Her color was unusually high.”

 

“I’ll soon find out,” announced Dr. Parry. “What beats me is this. The

Captain’s cottage is only the other side of the plantation. Why didn’t

he come over here, instead of running nearly a mile to the Bull?”

 

“He had quarrelled with my brother. The Professor pointed out a

scientific slip in one of his articles. And I believe there was trouble

with Mrs. Oates over some of his eggs.”

 

Dr. Parry nodded with complete comprehension. Captain Bean was a morose

and hot-tempered recluse, who would reject Einstein’s Theory and the

charge of supplying a bad egg with equal fury. He kept a small

poultry-farm, did the work of his cottage, and wrote articles on the

customs and religions of native tribes in unfrequented quarters of the

Globe.

 

Dr. Parry knew that his life of isolation tended to a lack of

perspective, which would exaggerate a trifling grievance to the

intensity of a feud; and he guessed that he would prefer to plough

through torrential rain rather than ask a neighbor for the use of his

telephone.

 

“I’ll cut across the plantation,” he said. “It will be quicker. I’ll

come back for my bike.”

 

The booming of the dinner-gong speeded his parting, but he left a sense

of tragedy behind him. When the family was gathered around the table in

the dining-room, the subject of Ceridwen cropped up with the soup.

 

Newton and his wife were not interested in the death of a domestic, but

Stephen remembered her.

 

“Wasn’t she the lass with the little dark come-hither eye and a wet red

mouth?” he asked. “The one Lady Warren coshed?”

 

“An animal type,” remarked Miss Warren. She hastened to add, in a

perfunctory voice, “Poor girl.”

 

“Why—poor?” asked Newton aggressively. “We should all envy her. She has

achieved annihilation.”

 

“‘Healed of her wound of living, shall sleep sound,’” murmured his aunt,

adapting the quotation.

 

“No!” declared Newton. “No sleep. Too chancey a proposition. One might

wake again. Rather—‘I thank with brief thanksgiving whatever gods there

be, that no life lives forever, that dead men rise up never, that even

the weariest river—’”

 

“Oh, dry up,” broke in Stephen. “Even a river does that, when it’s been

in the sun.”

 

“But unfortunately, I am not drunk,” said Newton. “No one could be, in

this house.”

 

“There’s always the Bull,” Stephen reminded him.

 

“And a devastating barmaid,” said Simone, with meaningin her voice.

 

“Oh, Newton knows Whitey all right.” Stephen grinned. “But I’ve cut him

out. I always do that, don’t I, Warren?”

 

Helen was glad of any interruption, however uncomfortable. It had been

distasteful to listen to a dreary Creed of Negation when every cell in

her body rejoiced in life. What had hurt her even more, was the hint at

a denial of the soul.

 

Her submerged sense of hostess made Miss Warren rouse herself from her

dream.

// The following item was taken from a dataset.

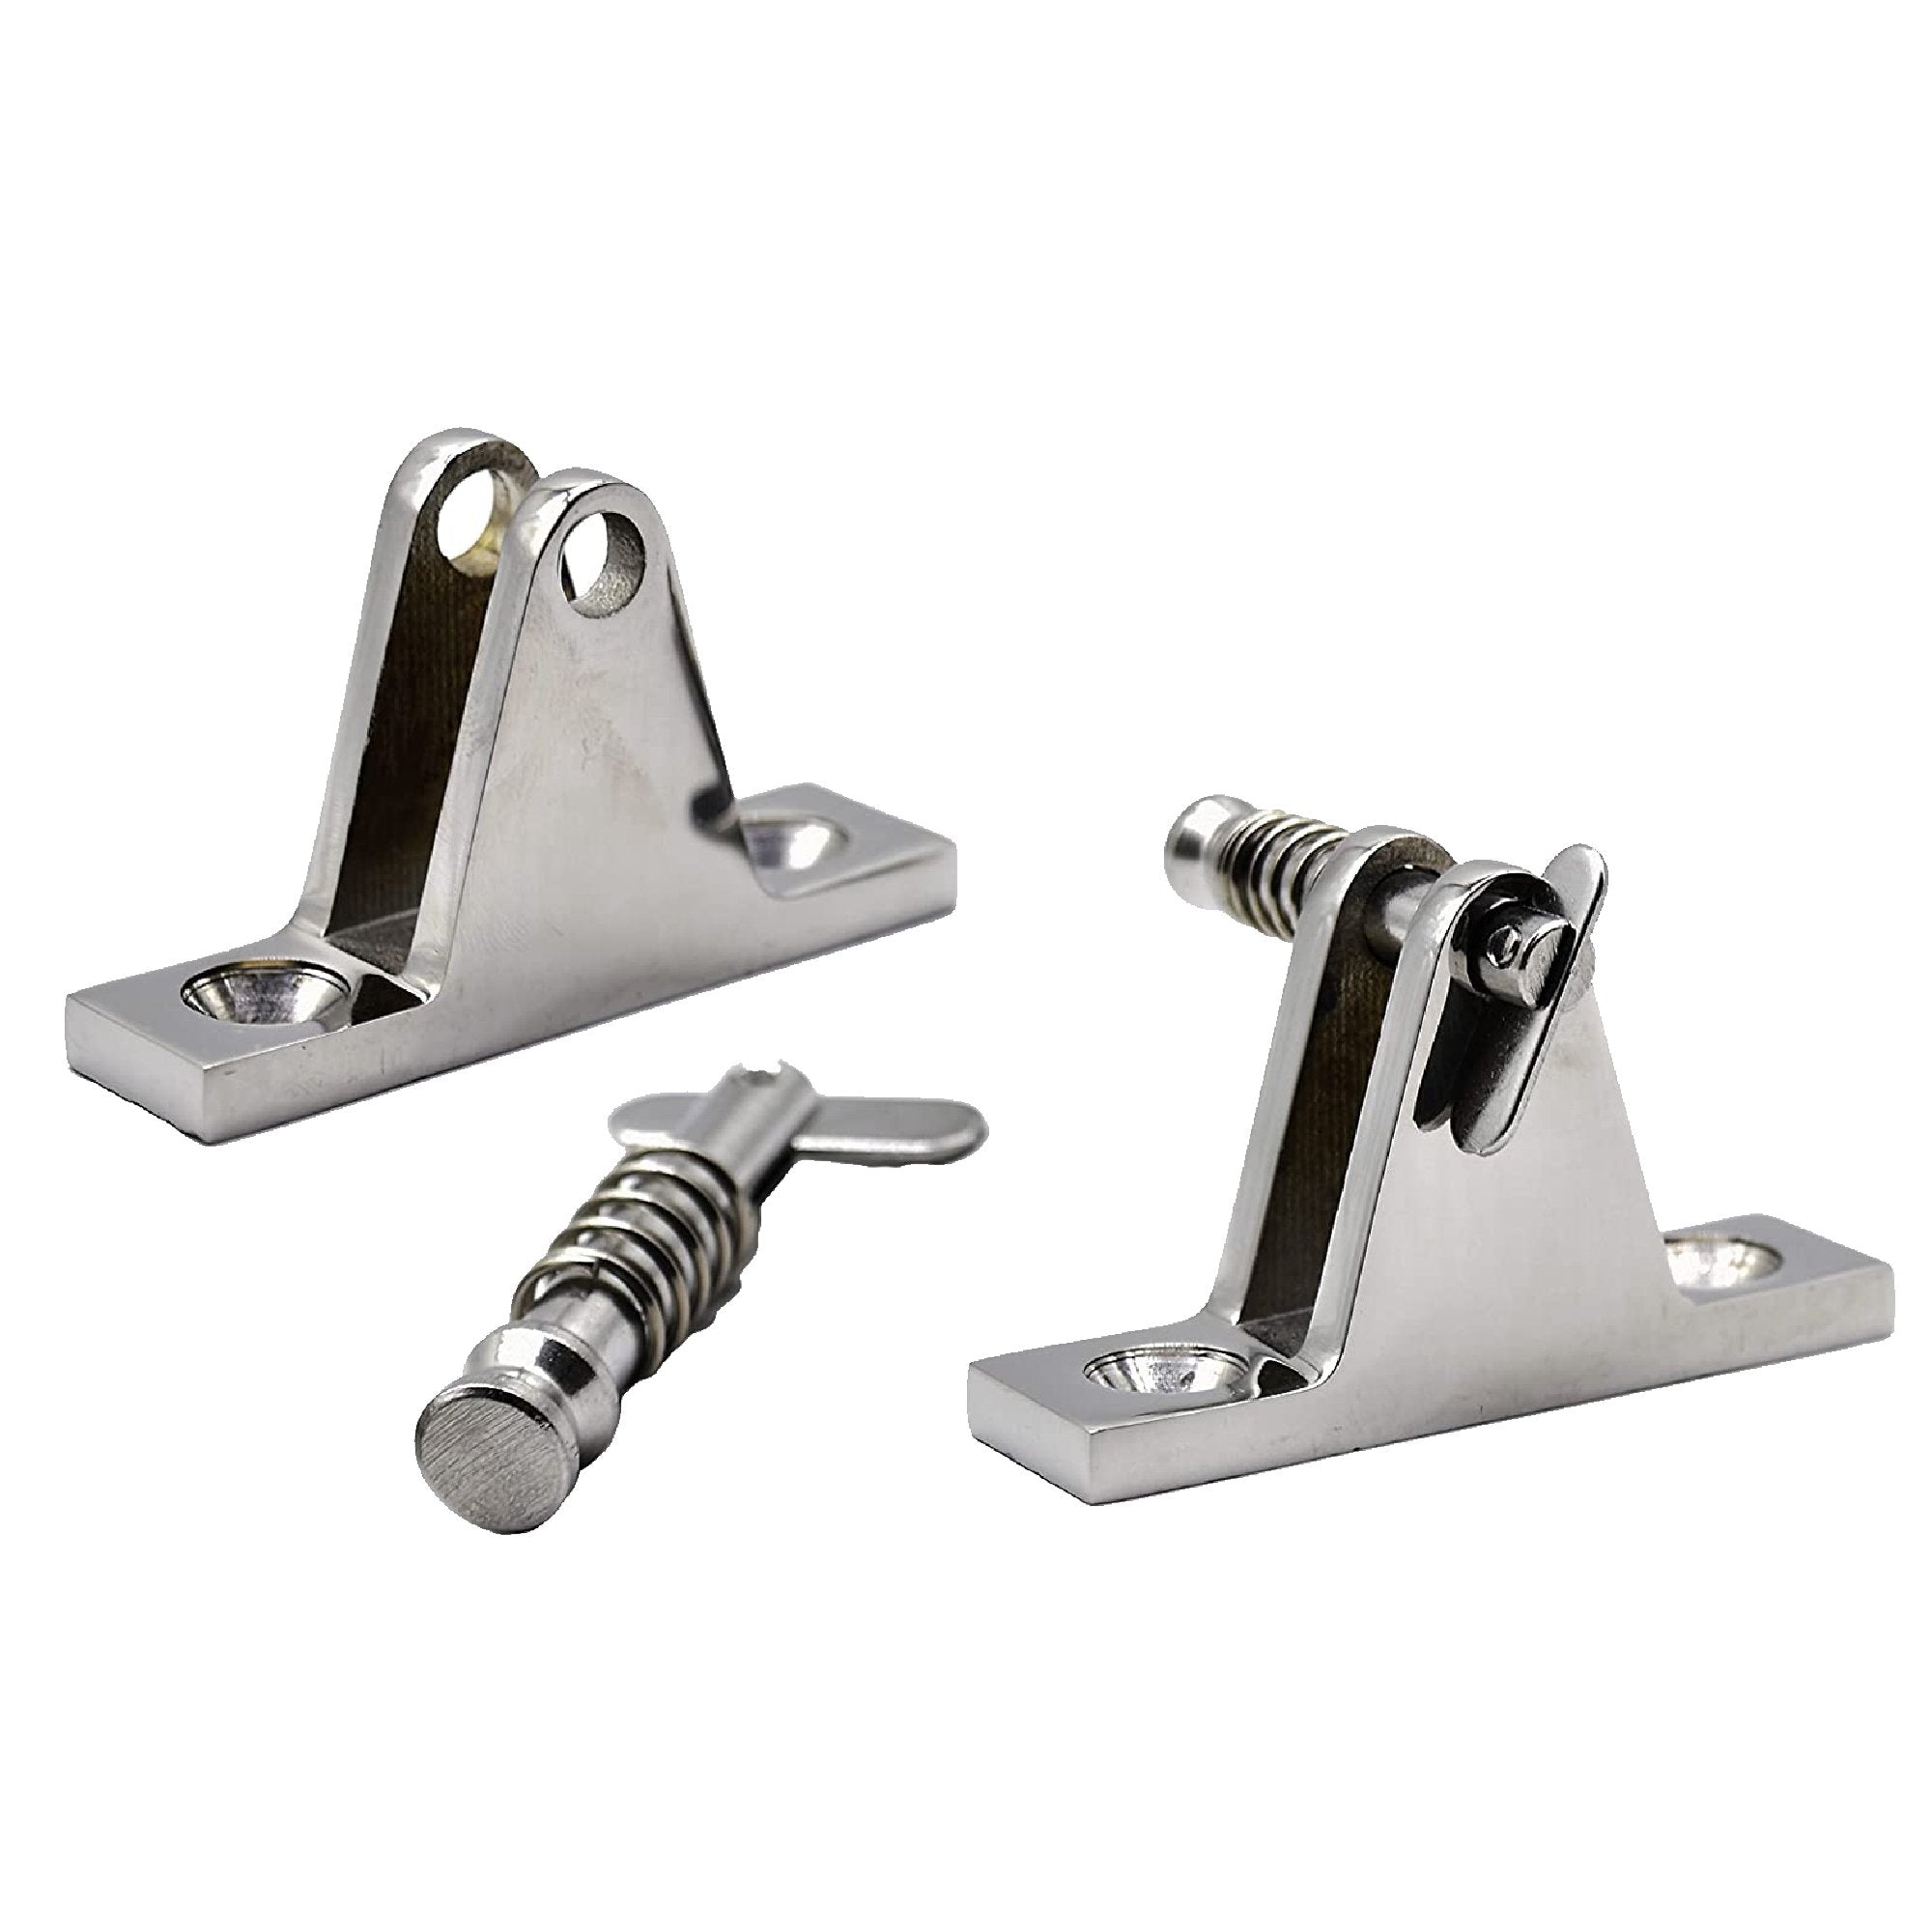 Marine City 316 Stainless Steel Bimini Top Deck Hinges 90 degree with Quick Release Pin Boat Top Fittings Flat Base Hardware(2pcs)

Although she was unconscious of Stephen’s provocative grin,

Simone’s slanting glances of passion, and Newton’s scowl, she was aware

of some poisoned undertow. She changed the subject, after looking across

at the Professor, who sat with his eyes covered by his hand.

 

“Is your head aching again, Sebastian?” she asked.

 

“I hardly slept last night,” he said.

 

“What are you taking, Chief?” enquired Newton,

 

“Quadronex.”

 

“Tricky stuff, Better be careful of your quantities.” A sarcastic smile

flickered round the Professor’s dry lips.

 

“My dear Newton,” he said, “when you were an infant you squalled so

ceaselessly that I had to administer a nightly sedative, for the sake of

my work. The fact that you survive is proof that I need no advice from

my own son.”

 

Newton flushed as Stephen burst into a shout of laughter at his expense.

 

“Thank you for nothing, Chief,” he muttered. “I hope you manage your own

affairs better than you did mine.”

 

Helen bit her lip as she looked round the table. She reminded herself

that these people were all her ethical superiors. They were

better-educated than herself, and had money and leisure. The Warrens had

intellect and culture, while Simone had travelled, and had knowledge of

the world.

 

She always sat silent through a meal, since it would require moral

courage for her to take any part in the general conversation. Miss

Warren, however, usually made some attempt to include the help.

 

“Have you seen any good Pictures, lately?” she asked, choosing a subject

likely to appeal to a girl who never read the Times.

 

“Only films of general interest,” replied Helen, whose recent visits to

a Cinema had been confined to the free show at Australia House.

 

“I saw the Sign of the Cross, just before I left Oxford,” broke in

Simone. “I adore Nero.”

 

The Professor showed some signs of interest.

 

“Sign of the Cross?” he repeated. “Have they revived that junk? And does

the proletariat still wallow in an orgy of enthusiasm over that symbol

of superstition?”

 

“Definitely,” replied Simone. “The applause was absurd.”

 

“Amusing,” sneered the Professor. “I remember seeing the Play—Wilson

Barrett and Maud Jeffries took the leading parts with a,

fellow-undergraduate. This youth was devoted to racing and completely

unreligious. But he developed a sporting interest in the progress of the

Cross. It appealed to him as a winner, and he roared and clapped, in its

scene of ultimate triumph, while the tears rained down his face in his

enthusiasm.”

 

The general laughter was more than Helen could bear.. Suddenly, to her

own intense surprise, she heard her own voice. “I think

that’s—terrible,” she said shakily.

 

Everyone stared at her surprised. Her small face was red, and puckered

up, as though she were about to cry.

 

“Surely a modern girl does not attribute any virtue to a mere symbol?”

asked the Professor.

 

Helen felt herself shrivelled by his gaze, but’ she would Not recant.

 

“I do,” she said. “When I left the Convent, in Belgium, the nuns gave

me’ a cross. It always hangs over my bed, and I wouldn’t lose it, for

anything.”

 

“Why not?” asked Newton.

 

“Because it stands for—for so much,” faltered Helen.

 

“What—exactly?”

 

Helen felt tongue-tied, under the battery of eyes.

 

“Everything,” she replied vaguely. “And it protects me.”

 

“Archaic,” murmured the Professor, while his son continued his

catechism.

 

“What does it protect you from?” he asked.

 

“From all evil”,

 

“Then as long as it hung over your bed I suppose you could open your

door to the local murderer?” laughed Stephen.

 

“Of course not;” declared Helen, for she stood in no awe of the pupil.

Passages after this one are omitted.